Perhaps I did a 180 between high school and college but I don’t think so. It’s more likely that I was in fact elvin in high school, despite feeling dwarfish. My attraction to Gimli, then, would be an aspiration, not an identification. Maybe I liked him because he was the opposite of those who seemed to float above the earth.
My own version of floating was getting caught up in ideas. “As if ideas only matter in the world they know,” Lucille Clifton says of intellectuals in general (and of me in particular) in a poem I have discussed in a past post. Such incredible lightness of being I inherited from my intellectual father and have been trying to temper ever since.
That I might have been yearning for dwarf grounding even in high school is suggested by my fascination at that time with a passage from Sartre’s play The Flies. Orestes and Electra have just killed their mother Clytemnestra (for having killed their father), and Electra wants to escape from what they’ve done. Orestes, by contrast, says they must take responsibility.
“We were too light, Electra,” he says. “Now our feet press down in the earth like the wheels of a cart in its groove. Come with me, and we will walk heavily, bending under the weight of our heavy load.”
I read the play in a senior year religion class and the quotation stuck with me so much that it surfaced again after my first son was born. “I was too light before,” I remember thinking as I held Justin in my arms. “Now life has become real.”
I realize I have some explaining to do here. I admit that, in one respect, I’m wrenching the quotation out of context. Orestes is calling upon Electra to accept responsibility for a death, not for a new life. But in another way I’m reading Sartre right—he says the business of living means taking on responsibilities for what one does in the world, which includes its heaviness as well as its joys. Electra wants to escape into childhood innocence, and Orestes calls on her to instead plunge into life, despite its messiness. As I gazed at a being that was utterly dependent on me and Julia for survival, Orestes’ call sounded bracing and inspiring.
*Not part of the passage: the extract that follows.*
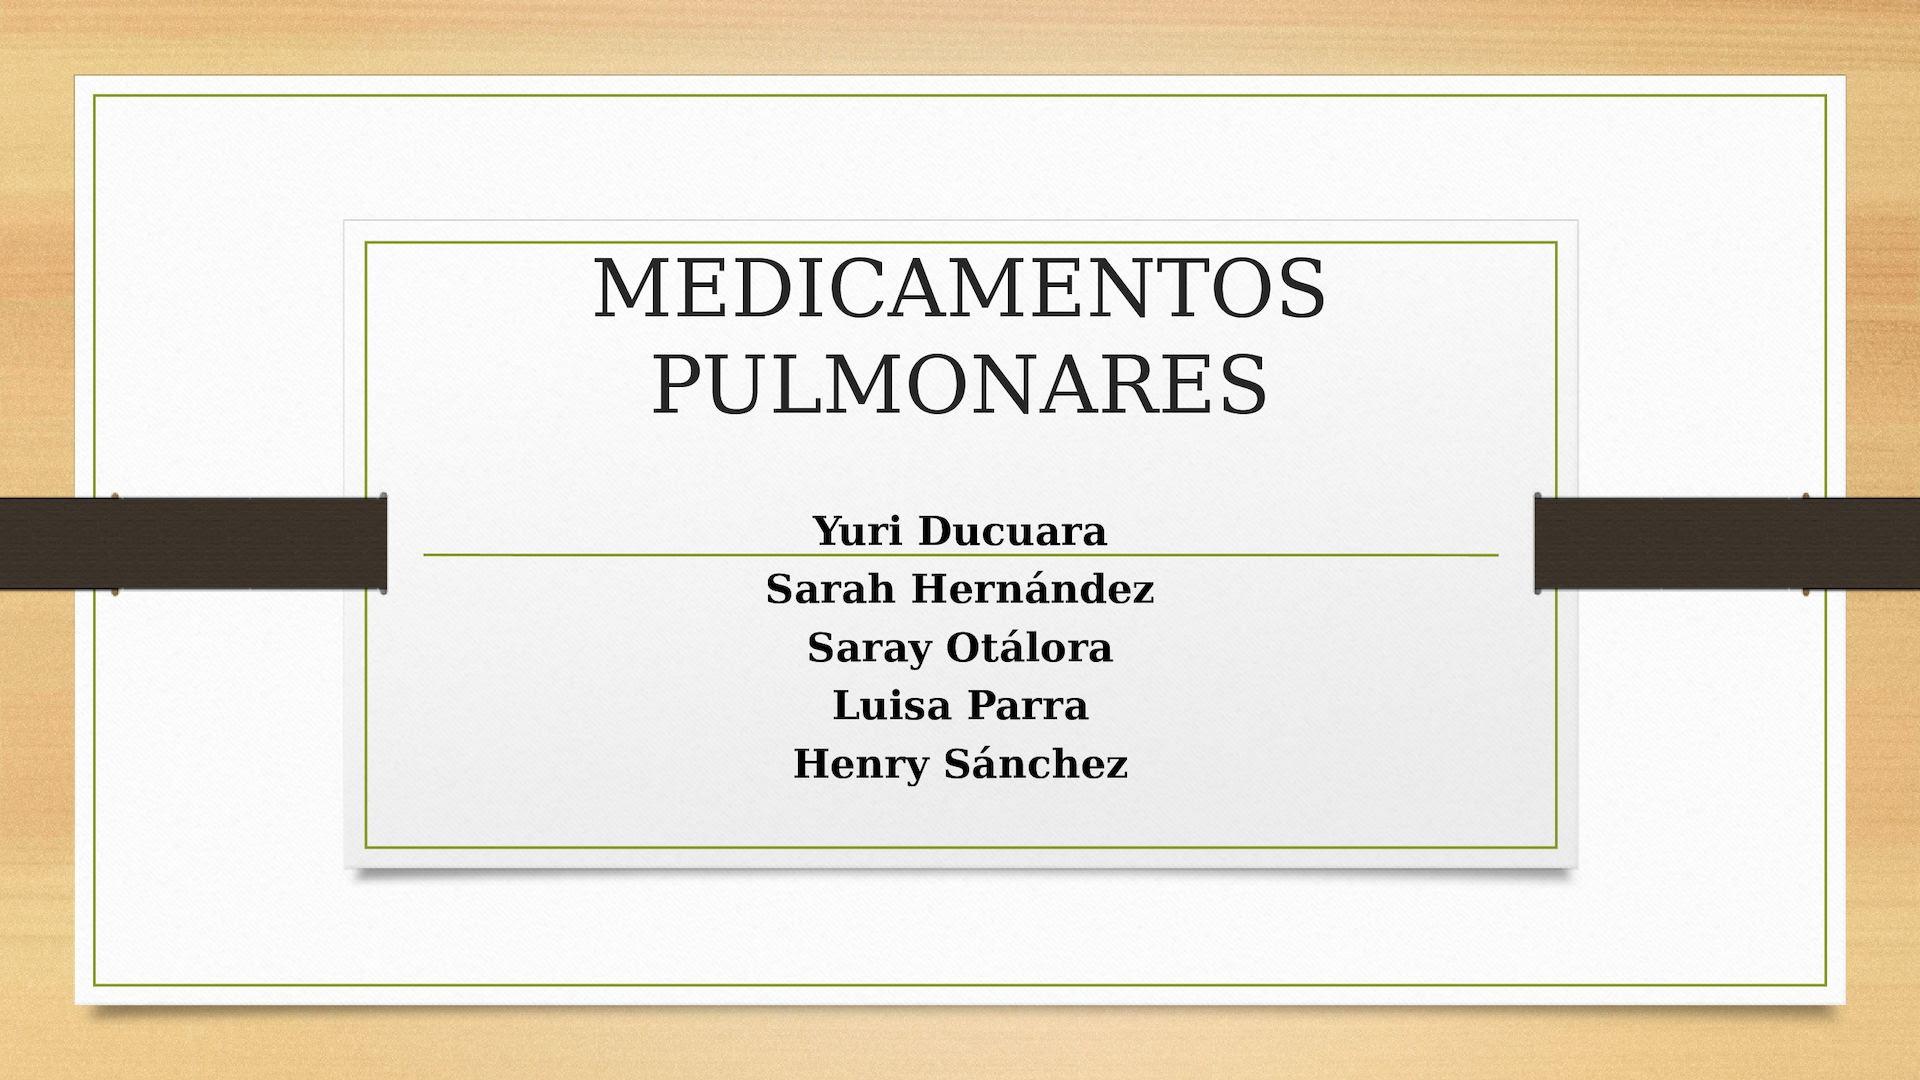 Calaméo Medicamentos Pulmonares Docx Pptx

It was time to step into the business of being a father, knowing that life had suddenly acquired new seriousness.
Delving in the hard rock of the real (including changing diapers) has its own lyricism. One of my favorite passages in Lord of the Rings has always been Gimli talking about the proper way to uncover gemstones in new caves he has discovered. One doesn’t just wrench them out in a greedy display of acquisitiveness:
“No dwarf could be unmoved by such loveliness. None of Durin’s race would mine those caves for stones or ore, not if diamonds and gold could be got there. Do you cut down groves of blossoming trees in the springtime for firewood? We would tend these glades of flowering stone, not quarry them. With cautious skill, tap by tap – a small chip of rock and no more, perhaps, in a whole anxious day – so we could work, and as the years went by, we should open up new ways, and display far chambers that are still dark, glimpsed only as a void beyond fissures in the rock. And lights, Legolas! We should make lights, such lamps as once shone in Khazad-dum; and when we wished we would drive away the night that has lain there since the hills were made; and when we desired rest, we would let the night return.”
I think there may be a second drama involving my fondness for Gimli, by the way. My father, a bird watcher and nature lover, loved the elves most of all (he read us the entire Lord of the Rings out loud), so a son’s rebellion may have entered into my preference for Gimli. While I wanted to be like my father (and in many ways am so), I also sensed that he was not sufficiently grounded in reality—and that if I was to make it in the world, I needed to follow the lead of my more practical mother.
In short, I now think I was not a Gimli when I was young. I just wanted to be.